Trata-se de parecer jurídico solicitado por um grupo de militares (3º Sargento QE), todos pertencentes à inatividade (reserva remunerada/reformados), os quais pretendem a aplicação do principio da isonomia, em face da Lei nº 12.872/2013, a qual prevê a extinção do quadro especial de Terceiros – Sargentos do Exército, sendo criado o quadro especial de Terceiros – Sargentos e Segundo – Sargentos do Exército Brasileiro, destinado ao acesso dos cabos e taifeiros–mores com estabilidade assegurada.

Entretanto, a referida Lei nº 12.872/2013 não contemplou os militares da inatividade, ao contrario do que prevê a Lei nº 12.158/2009, que dispõe sobre o acesso às graduações superiores de militares oriundos do Quadro de Taifeiros da Aeronáutica, que assegurou a promoção, inclusive, dos militares da reserva remunerada, reformados e pensionistas.

Nessa perspectiva, passamos primeiramente, a análise da Lei n. 12.158/2009, a qual concedeu progressão aos taifeiros da Aeronáutica até a graduação de suboficial, graduação equivalente à de subtenente no Exército, promoção que se estende para a inatividade e alcança até os pensionistas.

Diante destas considerações iniciais, pretendem os militares da inatividade (3º sargento do QE), por medida de justiça, acionarem o Judiciário, com o intuito de ser reconhecido o direito, àqueles que ingressaram na inatividade remunerada e que não foram agraciados com a promoção à graduação de segundo-sargento do QE. 
Apesar da pretensão dos referidos militares ser justa, tal reclamatória, não encontrará abrigo junto ao Judiciário, pois, a problemática tem viés legislativo, bem como não encontra abrigo no manto da Isonomia, conforme será mais bem explanado ao longo deste parecer jurídico consultivo.

Em relação à reclamada isonomia a colegas de outros quadros ou grupamentos da Aeronáutica (no caso em tela os Taifeiros), verifica-se a sua impossibilidade, pois, trata-se de situações absolutamente díspares, quer pela existência de efetivos distintos, quer pela diversidade de funções desempenhadas.

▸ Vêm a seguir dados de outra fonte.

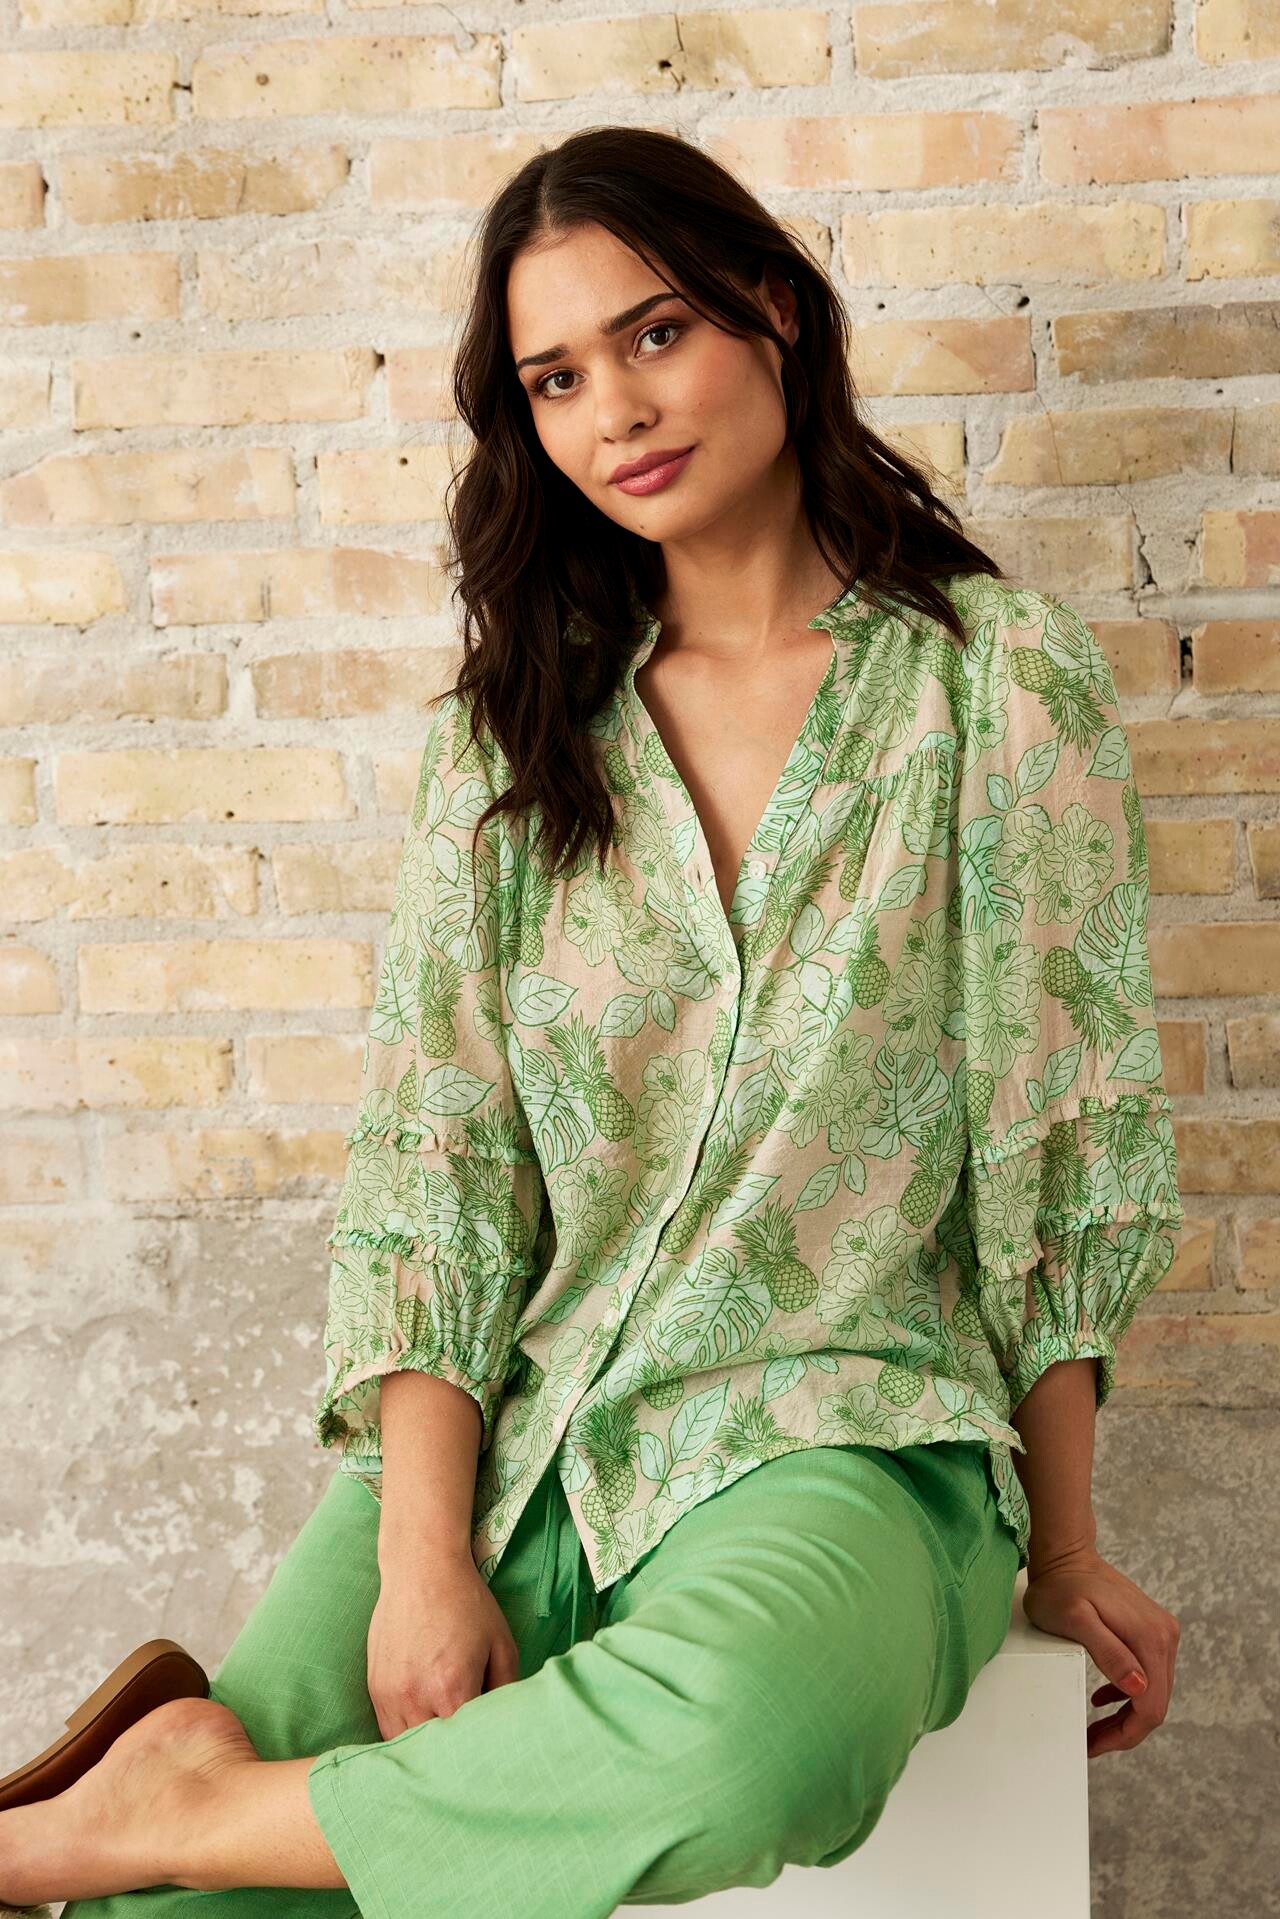 Se IN FRONT Exotic Skjorte, Farve: Green, Størrelse: XXL, Dame hos Infront Women

Em assim sendo, não há como aplicar o princípio da isonomia, que exige a igualdade de situações a serem amparadas; pontuando-se que a nossa doutrina e jurisprudência são uníssonas em afirmar que o princípio de igualdade consiste em “tratar igualmente os iguais e desigualmente os desiguais na medida em que eles se desigualam”. Segue abaixo jurisprudências de diversos Tribunais Regionais Federais e o Colendo Superior Tribunal de Justiça sobre o tema:


ADMINISTRATIVO. SERVIDOR PÚBLICO MILITAR. TAIFEIRO DA AERONÁUTICA. PROMOÇÃO. LEI N.º 3.953/61. REQUISITOS. CONCURSO PÚBLICO. DESRESPEITO AO PRINCÍPIO DA ISONOMIA. INEXISTÊNCIA. - Alegam os Autores, todos taifeiros da Aeronáutica, que possuem direito a promoção à graduação de Terceiro Sargento, em face do disposto no artigo 1º da Lei nº 3.953/61, em observância do princípio da isonomia, em relação aos taifeiros da Marinha. - Dessume-se do texto do artigo 1º da Lei n.º 3.953/61 que os taifeiros foram dispensados de participar do curso de especialização, mas permaneceu a exigência de cumprimento dos demais requisitos inerentes aos quadros. - Em face do disposto no §2º do artigo 1º da Lei nº 3.953/61 os Ministérios da Marinha e da Aeronáutica receberam atribuições para regulamentar a matéria, implicando na autonomia do Ministério da Aeronáutica para dar tratamento específico aos taifeiros existentes nos seus quadros, para o fim de estabelecer as exigências inerentes à referida carreira. - Destarte, a promoção dos taifeiros da Aeronáutica ao quadro de suboficiais está legitimamente condicionada ao cumprimento dos demais requisitos estabelecidos pelo Ministério da Aeronáutica, entre os quais o concurso. - Não há que se falar em desrespeito ao princípio da isonomia, em relação à situação dos taifeiros da Marinha, pois se trata de carreira distinta, não se podendo alegar igualdade de condições entre os militares da Marinha e da Aeronáutica, pela própria natureza das circunstâncias em que, distintamente, desenvolvem suas atribuições. - Precedentes do c. STJ.- Ficam os Autores condenados a arcar com as custas processuais e a pagar honorários de sucumbência, fixados em 10% (dez por cento) do valor da causa corrigido, nos termos do artigo 23 do Código de Processo Civil. - Remessa oficial e apelação da União Federal providas. (TRF da 3ª Região, AC 362731/MS, Turma Suplementar da Primeira Seção, rel. Des. Fed. NOEMI MARTINS, DJU 04.10.2007, p. 789).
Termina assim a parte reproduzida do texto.